» Directions for this task
An exact, word-for-word copy of the entries is required, beginning at the line that contains "Modern Wholesale Luxury" and ending at the last line, both included.

» Records drawn from a dataset
····················
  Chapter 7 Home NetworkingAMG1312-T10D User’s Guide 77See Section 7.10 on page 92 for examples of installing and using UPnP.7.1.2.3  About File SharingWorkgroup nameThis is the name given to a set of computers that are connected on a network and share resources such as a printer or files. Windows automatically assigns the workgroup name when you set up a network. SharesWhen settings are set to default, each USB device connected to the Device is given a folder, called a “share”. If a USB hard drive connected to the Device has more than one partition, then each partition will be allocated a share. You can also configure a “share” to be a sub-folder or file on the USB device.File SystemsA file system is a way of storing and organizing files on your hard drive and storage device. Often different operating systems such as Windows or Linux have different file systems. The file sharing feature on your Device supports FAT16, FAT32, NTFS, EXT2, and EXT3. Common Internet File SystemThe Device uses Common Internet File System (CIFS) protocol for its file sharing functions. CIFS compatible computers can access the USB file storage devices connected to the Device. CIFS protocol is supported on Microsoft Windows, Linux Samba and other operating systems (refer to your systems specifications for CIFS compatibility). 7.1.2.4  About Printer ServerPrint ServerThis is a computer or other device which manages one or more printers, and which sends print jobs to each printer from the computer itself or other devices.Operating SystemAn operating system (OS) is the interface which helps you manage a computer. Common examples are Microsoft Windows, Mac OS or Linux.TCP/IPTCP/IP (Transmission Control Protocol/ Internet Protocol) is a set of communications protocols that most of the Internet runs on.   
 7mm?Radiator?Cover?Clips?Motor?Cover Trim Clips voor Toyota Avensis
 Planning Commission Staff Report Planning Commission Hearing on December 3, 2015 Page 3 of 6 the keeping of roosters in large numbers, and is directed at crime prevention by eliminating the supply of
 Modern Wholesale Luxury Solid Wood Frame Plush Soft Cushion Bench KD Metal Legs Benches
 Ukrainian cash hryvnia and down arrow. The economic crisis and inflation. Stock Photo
····················
» Response to the task
 Modern Wholesale Luxury Solid Wood Frame Plush Soft Cushion Bench KD Metal Legs Benches
 Ukrainian cash hryvnia and down arrow. The economic crisis and inflation. Stock Photo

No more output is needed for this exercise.